树的代码
// Definition for a binary tree node.
public class TreeNode {
int val;
TreeNode left;
TreeNode right;
TreeNode(int x) { val = x; }
}
101. Symmetric Tree
Given a binary tree, check whether it is a mirror of itself (ie, symmetric around its center).
For example, this binary tree [1,2,2,3,4,4,3] is symmetric:
1
/ \
2 2
/ \ / \
3 4 4 3
But the following [1,2,2,null,3,null,3] is not:
1
/ \
2 2
\ \
3 3
代码一 自己写的 5%
public boolean isSymmetric(TreeNode root) {
if (root == null) return true;
TreeNode t1;
TreeNode t2;
Stack<TreeNode> s1 = new Stack<TreeNode>();
Stack<TreeNode> s2 = new Stack<TreeNode>();
s1.push(root.left);
s2.push(root.right);
while (!(s1.isEmpty() || s2.isEmpty())) {
t1 = s1.pop();
t2 = s2.pop();
if (t1 == null && t2 == null) continue;
if (t1 == null && t2 != null || t1 != null && t2 == null) return false;
if (t1.val == t2.val) {
s1.push(t1.left);
s1.push(t1.right);
s2.push(t2.right);
s2.push(t2.left);
}else return false;
}
if (s1.isEmpty() && !s2.isEmpty() || s2.isEmpty() && !s1.isEmpty()) return false;
return true;
}
代码二 精简版
public boolean isSymmetric(TreeNode root) {
Queue<TreeNode> q = new LinkedList<TreeNode>();
if (root == null) return true;
q.add(root.left);
q.add(root.right);
while (q.size() > 1) {
TreeNode left = q.poll(), right = q.poll();
if (left == null && right == null) continue;
if (left == null ^ right == null) return false;
if (left.val != right.val) return false;
q.add(left.left);
q.add(right.right);
q.add(left.right);
q.add(right.left);
}
return true;
}
代码三 递归
public boolean isSymmetric(TreeNode root) {
return root==null || isSymmetricHelp(root.left, root.right);
}
private boolean isSymmetricHelp(TreeNode t1, TreeNode t2) {
if (t1 == null || t2 == null) return t1 == t2;
if (t1.val != t2.val) return false;
return isSymmetricHelp(t1.left, t2.right) && isSymmetricHelp(t1.right, t2.left);
}
104. Maximum Depth of Binary Tree
Given a binary tree, find its maximum depth.
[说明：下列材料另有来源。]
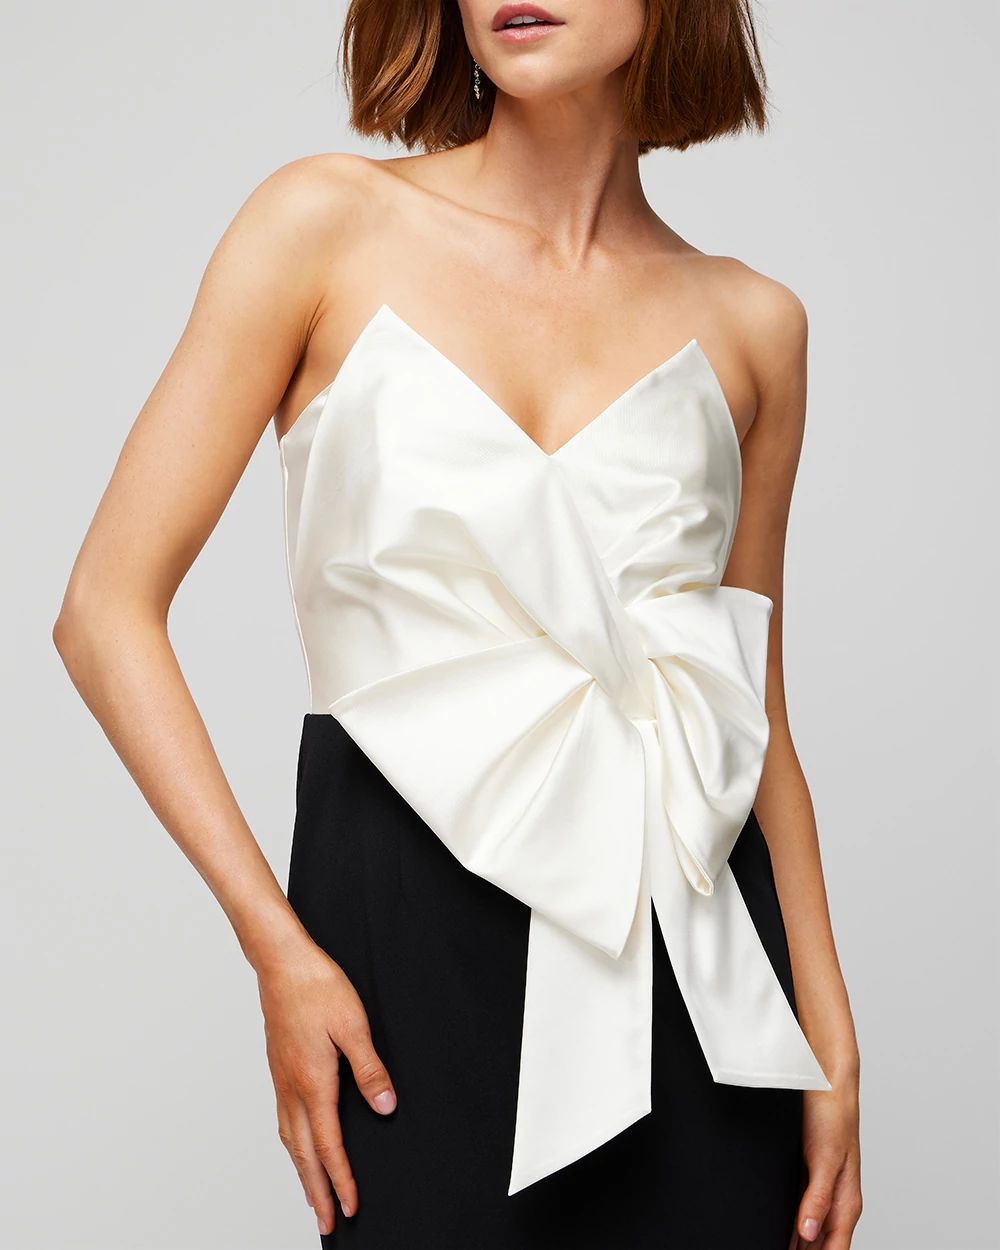 Strapless Contrast Bow Dress

The maximum depth is the number of nodes along the longest path from the root node down to the farthest leaf node.
代码一 自己写的
public int maxDepth(TreeNode root) {
return bfs(root, 0);
}
int bfs(TreeNode node, int depth) {
if (node == null) return depth;
return Math.max(bfs(node.left, depth + 1), bfs(node.right, depth + 1));
}
代码二 精简版 16%
思维还是跟不上迭代的精髓,根本不需要一个变量去传递depth
public int maxDepth(TreeNode root) {
if (root == null) {
return 0;
}
return 1 + Math.max(maxDepth(root.left), maxDepth(root.right));
}
111. Minimum Depth of Binary Tree
Given a binary tree, find its minimum depth.
The minimum depth is the number of nodes along the shortest path from the root node down to the nearest leaf node.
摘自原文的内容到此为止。